RESULTS AND DISCUSSION ON CASE STUDY
CHO Media Library Screening
To illustrate the process of medium development using this approach, we report the results of the development of a new medium
formulation for an IgG producing cell line (CL1). Initially, the CL1 cell line was screened without cell preadaptation using
shake flasks in the various formulations contained in the CHO Media Library and two additional control media formulations
(CM1 and CM2) used by the customer before receipt of the cell line by SAFCB as controls. Cell growth and IgG productivity
were monitored for all of the media formulations. Using these criteria, it was determined that approximately one-half of the
media formulations in the library supported improved cell growth and IgG production compared to the two control media. Based
on the cell growth, IgG productivity, and diversification of the formulation components, four media were chosen for the DOE
mixture screening (Figure 3A).
DOE Pyramid Design and DOE Mixture Screening
In the DOE media mixture study, a three-component mixing design (triangle design) has often been applied to find the best
performing medium based on the top three media selected from the basal media screening. The best medium might be a single
medium, or a mixture of any proportion of the original three single media tested. Additionally, the comparison of a blended
and single medium can lead to the identification of effecter components more rapidly than traditional matrix experimentation.

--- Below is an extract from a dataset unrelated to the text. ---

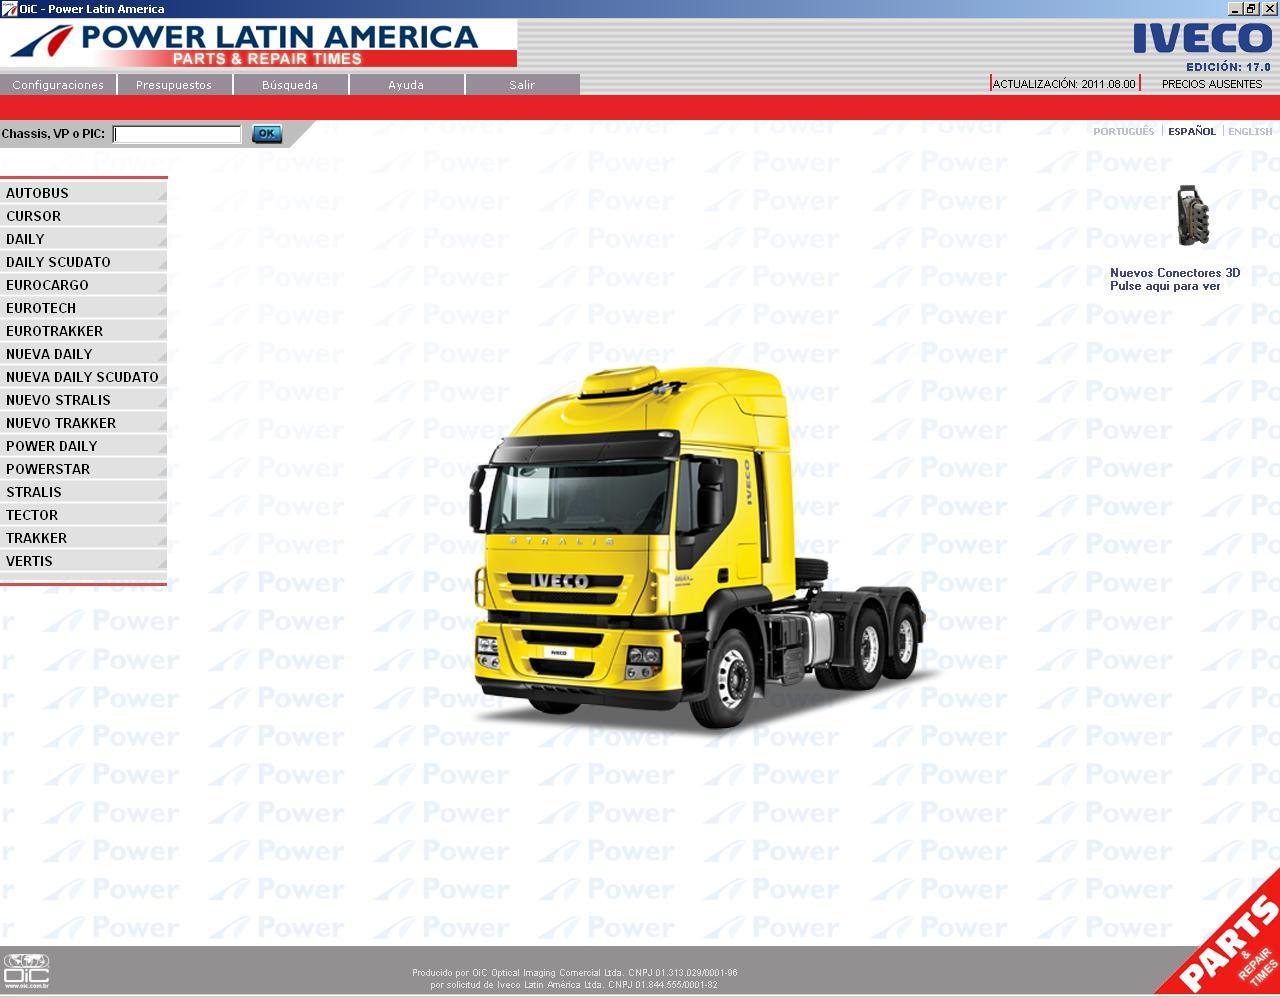 IVECO POWER Latin America

Here, the idea of the pyramid DOE design for cell culture formulation mixture analysis is introduced (Figure 2). Instead of
analyzing three components, the four best media are selected from the basal media screening (Figure 2A) for mixture analysis.
To simplify the experimental design, only the combinations on the surfaces (a~d) of the pyramid have been evaluated in this
study (Figure 2A) and 30 mixtures were evaluated with the CL1 cell line (Figure 2B). Based on the information from the surface
design, if it is necessary, the second-round design with the combinations inside of the 3D-model could be performed to further
identify the best cell culture medium.
All of the tested mixtures exhibited significantly higher IgG productivity compared to CM1 and three of the mixtures had twice
the productivity observed in the control medium CM1 (Figure 3B). Mix #25 exhibited the highest IgG productivity and was selected
for further investigation.
DOE Statistical Analysis
The data from the pyramid design was examined using statistical analysis and modeling to generate theoretical optimized formulations
based on different user-defined performance criteria and with the results reported as contour plots. Independent analyses
were performed to determine optimized formulations where either cell growth (ICA: specific cell growth) or IgG productivity
were the primary driving criteria. The optimized formulations are indicated in the contour plot (Figure 4). In the plots,
increasing desirability is indicated by the progression from blue to red coloring. When the optimization was based on the
cell growth (ICA), the most desirable mixing ratio was 59.9% of medium C and 40.1% of medium E (Figure 4A). Alternatively,
when the optimization was based on the IgG productivity, the most desirable mixing ratio was 56.2% of medium P, 39.3% of medium
E, and 4.5% of medium D (Figure 4B). Based on these observations, the advantage of the pyramid design compared to the conventional
triangle design can be seen: using traditional three-component DOE analysis, the best mixture for supporting the cell growth
or the IgG productivity could be missed. Use of the pyramid model allows a more comprehensive analysis of mixture interactions
and the identification of the best mixture to maximize the desired criteria, cell growth, or protein production. Additionally,
if desired, the model could be further optimized based on investigating combinations in the interior of the pyramid model.
However, the increased number of mixtures will significantly complicate the study design and careful consideration should
be put into the selection of media with different good performance characteristics (e.g., growth or productivity) and dissimilar
medium compositions to maximize the potential benefit of such analysis.